Give back only the lines in the records below from the one with "Jamie Zawinski: You" to the one with "Remy Cateye Red", both inclusive, word for word.

:: Dataset entries ::
╭──

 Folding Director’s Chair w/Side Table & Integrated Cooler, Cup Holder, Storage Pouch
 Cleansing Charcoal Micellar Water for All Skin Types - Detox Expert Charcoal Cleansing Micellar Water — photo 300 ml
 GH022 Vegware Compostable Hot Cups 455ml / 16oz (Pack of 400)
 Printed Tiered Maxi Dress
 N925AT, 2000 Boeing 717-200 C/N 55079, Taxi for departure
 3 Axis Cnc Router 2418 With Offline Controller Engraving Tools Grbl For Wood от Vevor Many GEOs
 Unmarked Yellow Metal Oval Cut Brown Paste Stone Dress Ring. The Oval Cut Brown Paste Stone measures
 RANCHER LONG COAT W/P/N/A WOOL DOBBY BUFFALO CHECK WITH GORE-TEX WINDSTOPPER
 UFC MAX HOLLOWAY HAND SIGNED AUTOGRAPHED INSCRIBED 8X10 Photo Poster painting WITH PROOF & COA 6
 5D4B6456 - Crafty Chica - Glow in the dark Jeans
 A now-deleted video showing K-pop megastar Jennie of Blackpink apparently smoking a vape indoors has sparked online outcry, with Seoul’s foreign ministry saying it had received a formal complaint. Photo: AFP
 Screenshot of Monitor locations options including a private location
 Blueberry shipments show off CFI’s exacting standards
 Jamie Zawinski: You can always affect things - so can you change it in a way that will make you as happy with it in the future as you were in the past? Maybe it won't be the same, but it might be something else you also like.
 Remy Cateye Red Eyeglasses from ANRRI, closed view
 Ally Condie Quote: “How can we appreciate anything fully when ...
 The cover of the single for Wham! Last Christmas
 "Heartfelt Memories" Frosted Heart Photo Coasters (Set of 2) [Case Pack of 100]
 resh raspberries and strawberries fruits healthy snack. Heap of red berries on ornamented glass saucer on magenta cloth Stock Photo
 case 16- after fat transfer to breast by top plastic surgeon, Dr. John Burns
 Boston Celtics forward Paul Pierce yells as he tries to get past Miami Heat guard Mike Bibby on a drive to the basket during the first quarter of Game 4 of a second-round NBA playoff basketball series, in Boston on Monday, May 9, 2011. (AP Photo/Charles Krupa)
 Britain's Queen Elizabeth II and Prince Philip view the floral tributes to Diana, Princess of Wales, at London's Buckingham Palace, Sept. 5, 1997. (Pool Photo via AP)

╰──

:: Completed exercise ::
 Jamie Zawinski: You can always affect things - so can you change it in a way that will make you as happy with it in the future as you were in the past? Maybe it won't be the same, but it might be something else you also like.
 Remy Cateye Red Eyeglasses from ANRRI, closed view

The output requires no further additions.